◆ Directions for this task:
Copy, from the entries below, each line where the word "Image" can be found.

◆ Stored entries:
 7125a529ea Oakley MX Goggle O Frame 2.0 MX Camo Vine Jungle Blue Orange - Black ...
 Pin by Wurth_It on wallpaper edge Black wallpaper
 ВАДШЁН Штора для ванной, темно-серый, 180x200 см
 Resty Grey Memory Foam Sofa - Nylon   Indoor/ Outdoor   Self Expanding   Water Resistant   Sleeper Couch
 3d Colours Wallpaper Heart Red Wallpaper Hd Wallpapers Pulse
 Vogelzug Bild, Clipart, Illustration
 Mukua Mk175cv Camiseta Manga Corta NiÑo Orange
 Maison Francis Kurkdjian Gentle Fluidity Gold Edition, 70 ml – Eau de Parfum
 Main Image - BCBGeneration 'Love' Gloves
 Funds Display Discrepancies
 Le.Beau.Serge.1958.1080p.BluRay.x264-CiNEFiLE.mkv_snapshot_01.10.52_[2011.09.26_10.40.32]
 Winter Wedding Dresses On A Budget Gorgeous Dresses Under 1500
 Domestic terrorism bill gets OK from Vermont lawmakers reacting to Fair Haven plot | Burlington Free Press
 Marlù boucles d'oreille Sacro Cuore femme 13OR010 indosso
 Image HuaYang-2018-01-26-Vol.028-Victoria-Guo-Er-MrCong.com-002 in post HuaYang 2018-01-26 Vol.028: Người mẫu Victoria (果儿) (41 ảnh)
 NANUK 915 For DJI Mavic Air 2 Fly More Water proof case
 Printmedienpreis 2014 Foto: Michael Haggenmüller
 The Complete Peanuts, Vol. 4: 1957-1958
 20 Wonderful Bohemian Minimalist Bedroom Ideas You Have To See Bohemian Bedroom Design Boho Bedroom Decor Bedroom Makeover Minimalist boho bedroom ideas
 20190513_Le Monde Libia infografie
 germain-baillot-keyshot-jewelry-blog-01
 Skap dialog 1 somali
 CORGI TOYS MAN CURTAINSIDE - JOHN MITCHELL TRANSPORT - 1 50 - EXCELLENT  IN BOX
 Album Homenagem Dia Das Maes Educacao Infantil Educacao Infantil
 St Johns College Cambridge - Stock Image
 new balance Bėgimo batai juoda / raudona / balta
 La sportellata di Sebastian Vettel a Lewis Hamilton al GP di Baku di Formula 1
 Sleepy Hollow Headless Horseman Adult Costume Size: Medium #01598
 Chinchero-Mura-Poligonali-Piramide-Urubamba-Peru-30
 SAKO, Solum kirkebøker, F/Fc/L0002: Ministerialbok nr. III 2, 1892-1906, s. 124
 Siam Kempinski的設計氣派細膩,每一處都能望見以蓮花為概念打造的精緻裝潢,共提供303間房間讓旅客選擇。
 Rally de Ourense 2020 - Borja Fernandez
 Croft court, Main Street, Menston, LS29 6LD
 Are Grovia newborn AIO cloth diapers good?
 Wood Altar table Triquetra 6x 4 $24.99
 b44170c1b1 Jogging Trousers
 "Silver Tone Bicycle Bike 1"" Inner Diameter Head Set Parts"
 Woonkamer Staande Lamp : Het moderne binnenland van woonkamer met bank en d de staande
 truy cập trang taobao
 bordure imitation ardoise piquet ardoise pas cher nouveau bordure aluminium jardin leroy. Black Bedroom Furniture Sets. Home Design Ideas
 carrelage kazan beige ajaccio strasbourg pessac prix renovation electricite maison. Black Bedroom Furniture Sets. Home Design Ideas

◆ Answer for this exercise:
 Main Image - BCBGeneration 'Love' Gloves
 Image HuaYang-2018-01-26-Vol.028-Victoria-Guo-Er-MrCong.com-002 in post HuaYang 2018-01-26 Vol.028: Người mẫu Victoria (果儿) (41 ảnh)
 St Johns College Cambridge - Stock Image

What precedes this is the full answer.